Ok fellas, this is the last chapter I've written ahead of time. More will
be coming, I promise you. When? I have no clue. Please don't bug. It won't
make it come any faster. :-)

******************************************************************************

********************

      It was only 7:20 when I pulled up at his house. Mine was the only car
parked outside except for one that I recognized to be his. I sat there
nervously, my heart beating wildly, preparing myself mentally for what to
expect. I happened to catch the front window of his house through the
corner of my eye. I saw his sinewy silhouette pacing back and forth on the
other side of it. He's nervous too, I thought. This is a side of Zack I
have never seen before. Zack was never nervous about anything, or at least
he never let on that he was nervous. I was a little more comfortable
knowing this. At least he felt the same way. It leveled the playing field
out a little more.

      With that thought in mind, I decided not to keep him waiting for me
in agony. I got out of my car, walked up to the door and gave the bell a
ring. I saw the silhouette quickly tiptoe to the door. I could tell he was
there but it was still a few more seconds until the door swung open. He
must have been making sure he looked as good as possible for me as I had
done for him.  Maybe he was giving himself a pep talk like I had done
earlier too. I wasn't sure, but at least he was nervous, like I was.

      Anyway, he opened the door and presented himself in a calm and
collected manner. Gawd he was gorgeous. He was wearing a sleeveless black
shirt that was just tight enough to show off his perfectly shaped upper
body and khaki cargo pants. I could tell his attitude was a front, because
Zack is never calm and collected. On a usual day, he was hyper. I wish I
had half the energy he had. He probably didn't even realize it himself.

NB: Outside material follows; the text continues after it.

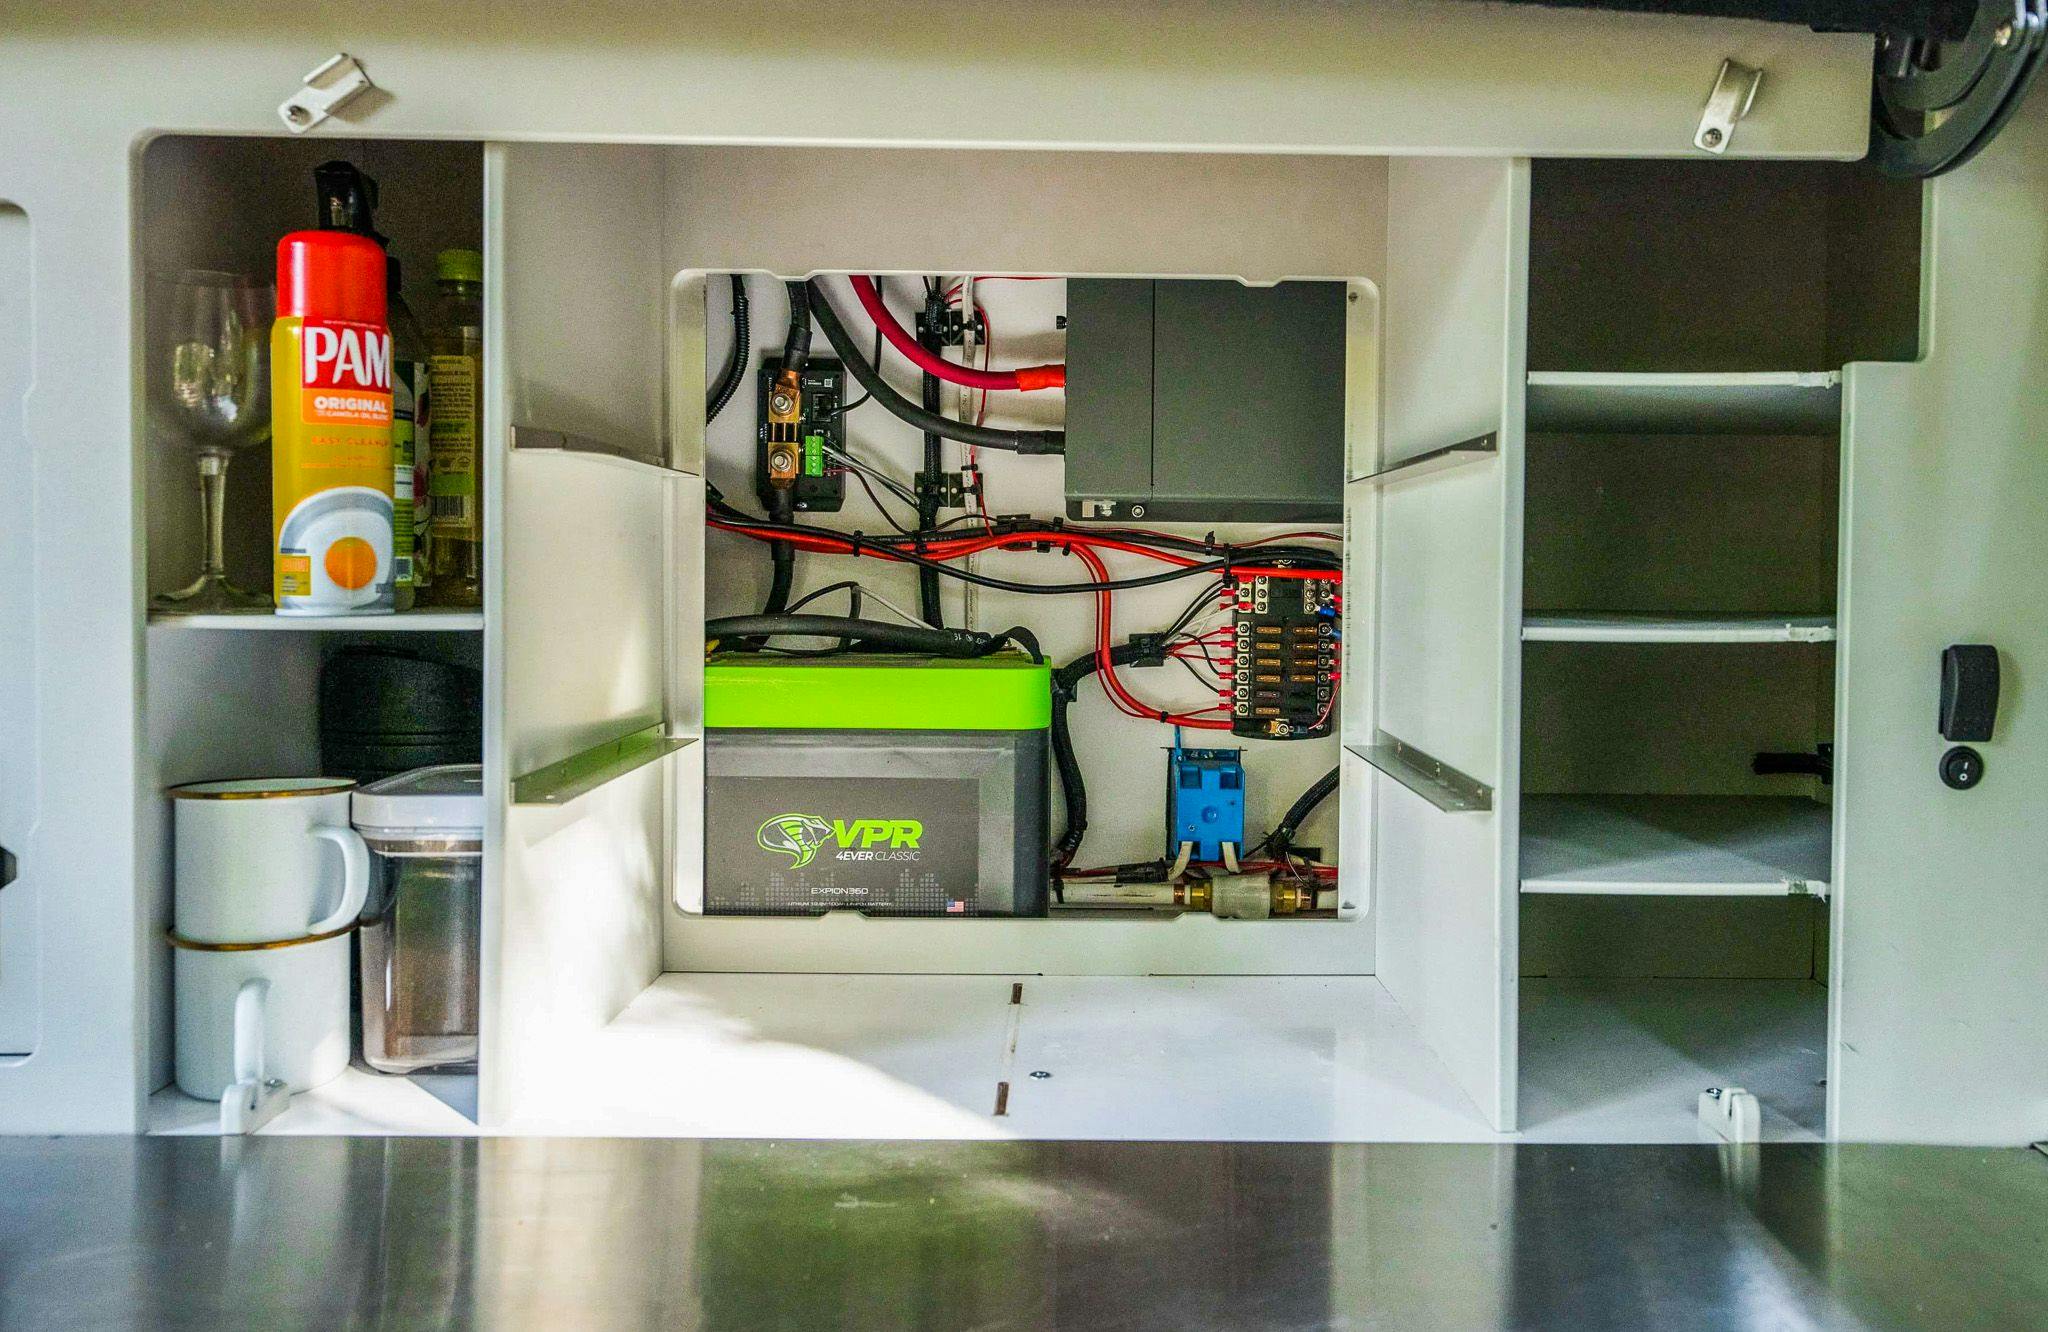 Behind the modular shelving in a teardrop trailer galley, shows the interior mechanicals. This includes a battery setup to power the trailer.

      "Oh, hey Aaron," he said as if he didn't know it was me. "Come in.
Sit down. Can I get you something to drink?" With that, he turned around to
face me, and since I was so close behind him our faces met, not leaving
even half an inch of space. Looking into his eyes, I saw all of his
pretenses melt.  He grabbed my head, just the way he had done
earlier. Something was different this time though. It was as if this time
it wasn't about pent-up lust. It was passionate and romantic and caring!
Maybe because I had decided earlier that I was in love with him, it changed
things for me. I could feel it, the love being exchanged in the kiss, not
just given. I didn't want to stop, and apparently neither did he. I'm sure
if someone had been timing us that first of all, their jaw would have been
on the floor, but secondly, we would have definitely passed the five-minute
marker.

      It was like he was reading my mind again, because I needed to come up
for air. All of a sudden our lips parted, but our embrace stayed intact.
We just looked at each other for a few seconds until he said, "Let go,"
with a big smile. "No," I replied. "You first."

      We both chuckled about the shared unwillingness to part from the
other. As if we had come to a silent agreement, we simultaneously let go of
one another.

      Finally, we broke the embrace. After a pregnant, awkward pause, he
said, "I'll just grab my keys and we'll go for that walk." With that, he
grabbed his keys and we were out the door.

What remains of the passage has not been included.